> Input data
________________

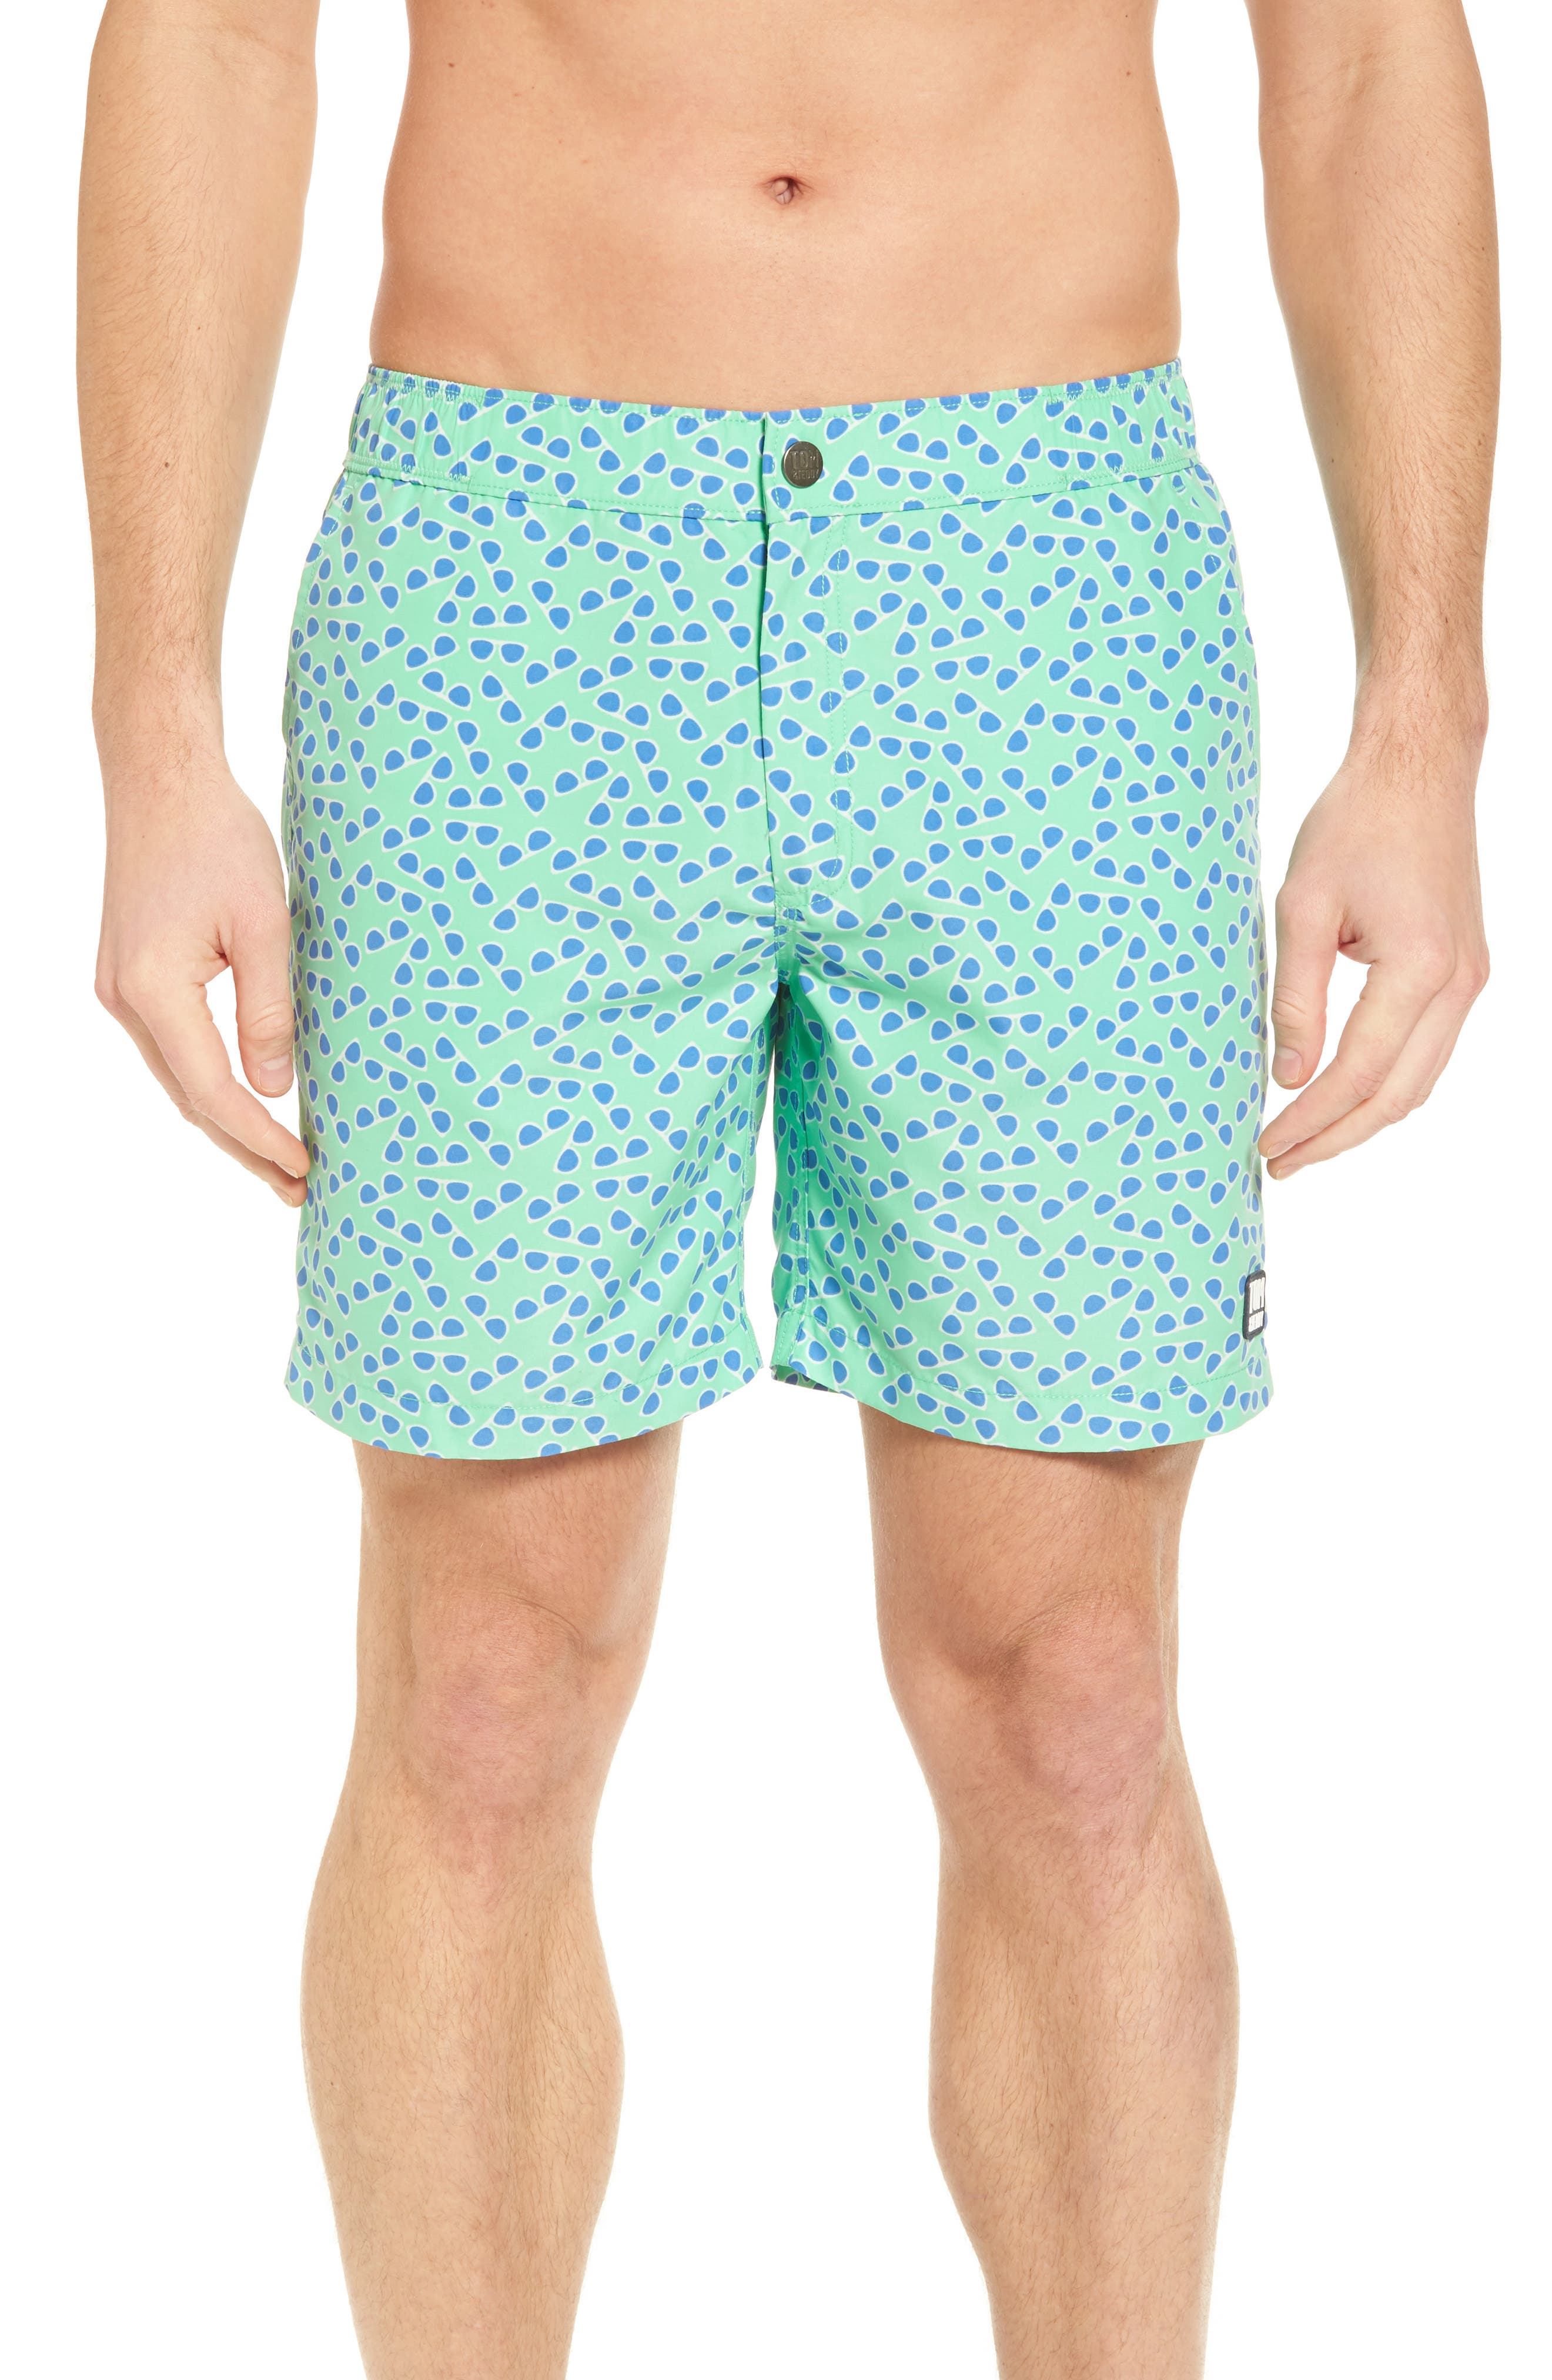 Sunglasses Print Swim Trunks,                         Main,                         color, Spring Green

________________

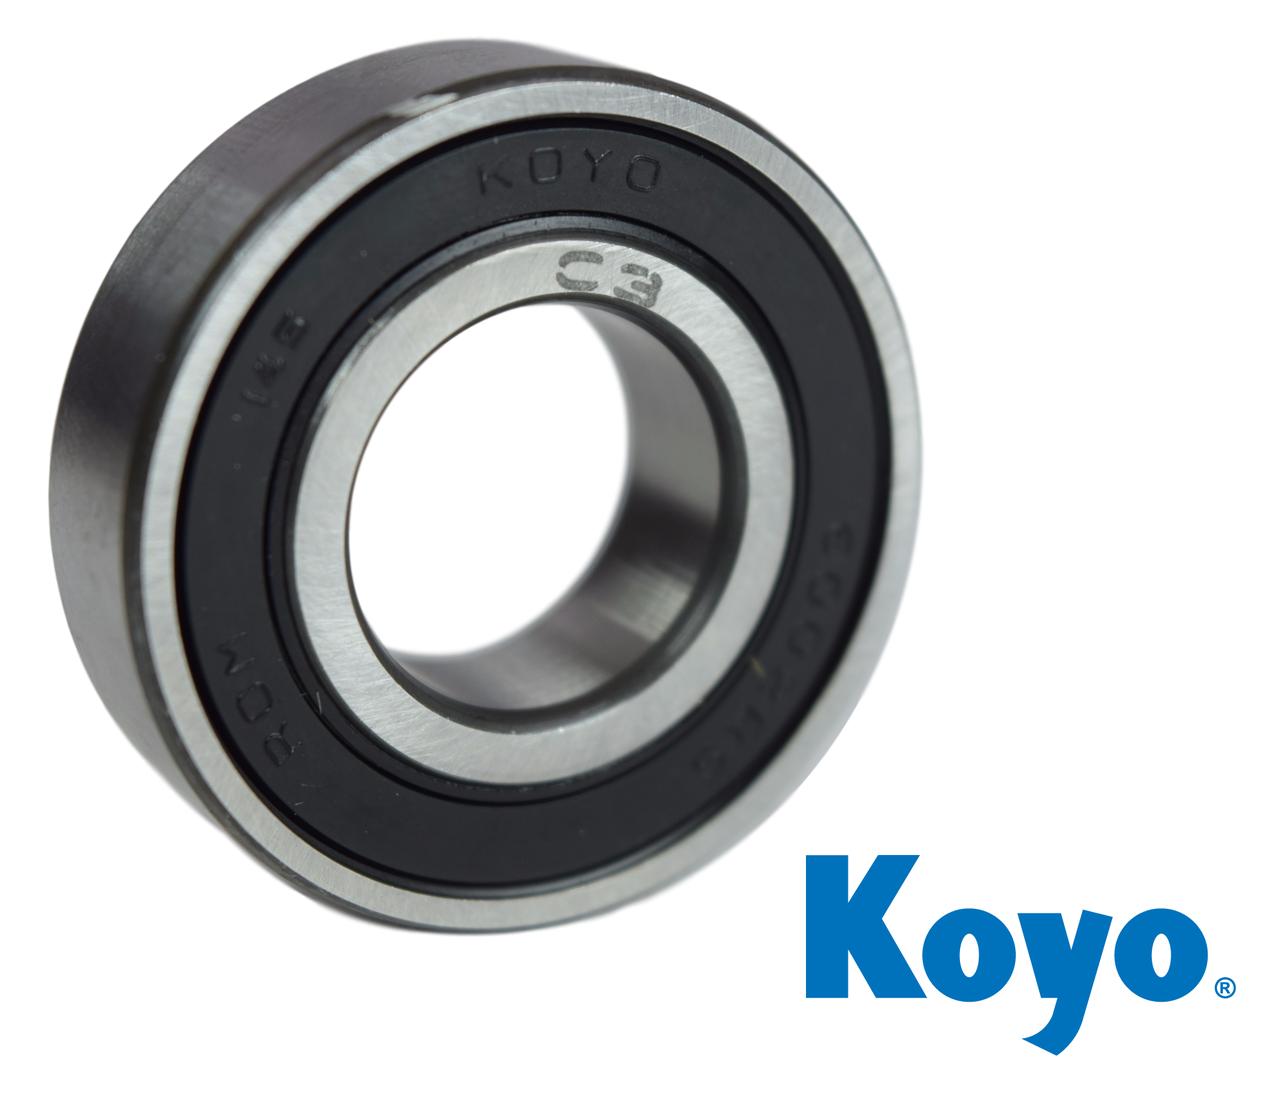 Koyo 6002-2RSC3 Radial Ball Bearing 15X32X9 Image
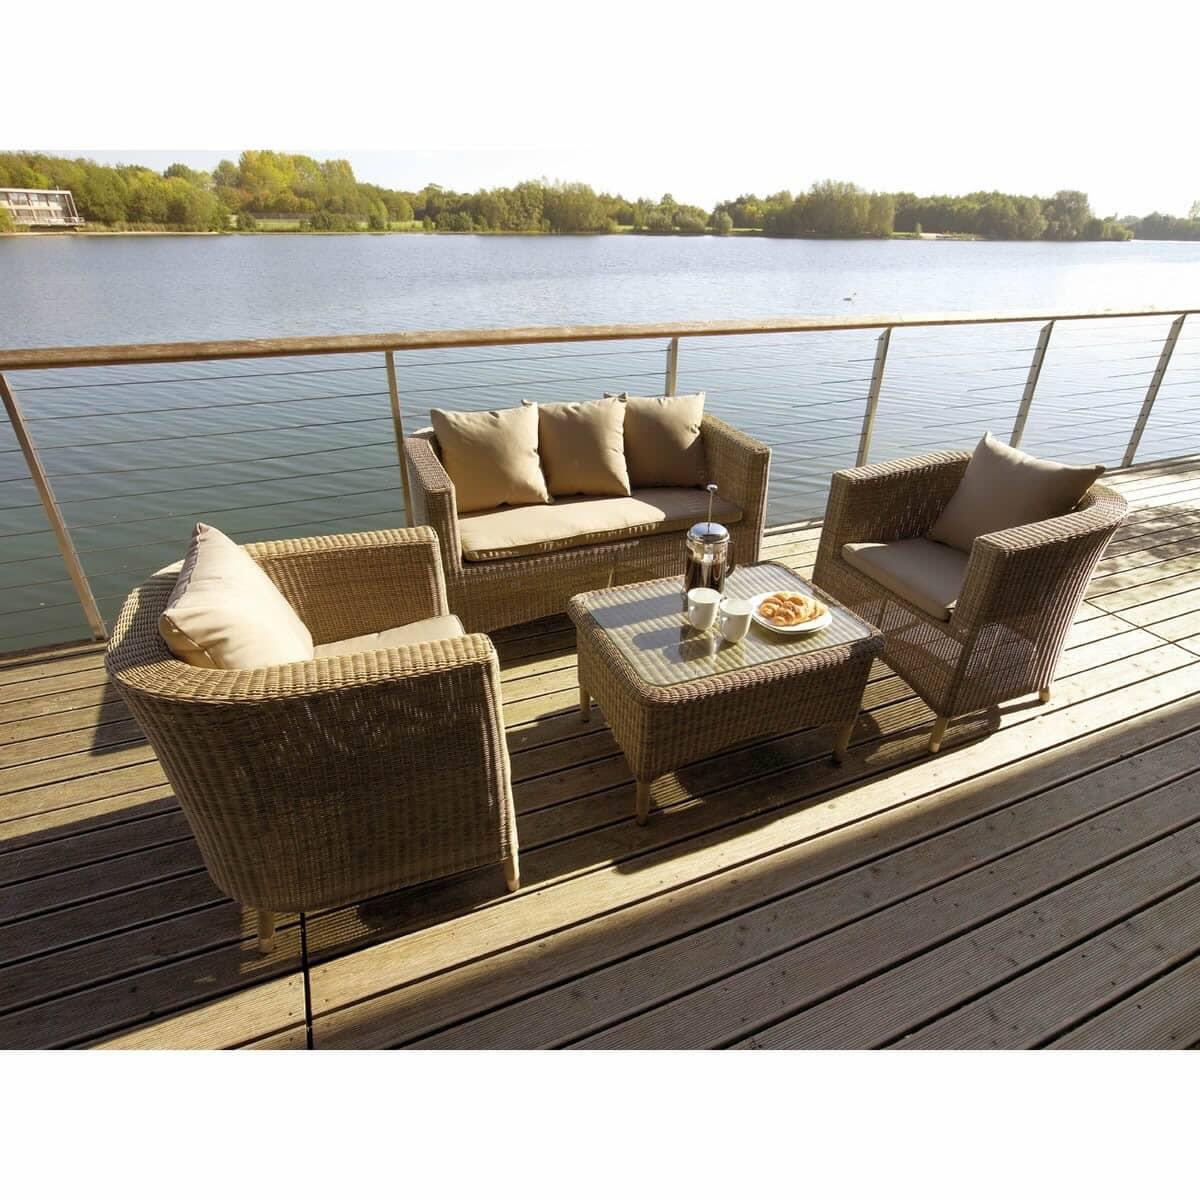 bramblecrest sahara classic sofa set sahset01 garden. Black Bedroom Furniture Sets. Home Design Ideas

________________

> Work to complete
Please output, exactly as written, the lines above from the one holding "Koyo 6002-2RSC3 Radial" through the one holding "bramblecrest sahara classic", both included, with the pictures omitted.

> Response area
 Koyo 6002-2RSC3 Radial Ball Bearing 15X32X9 Image
 bramblecrest sahara classic sofa set sahset01 garden. Black Bedroom Furniture Sets. Home Design Ideas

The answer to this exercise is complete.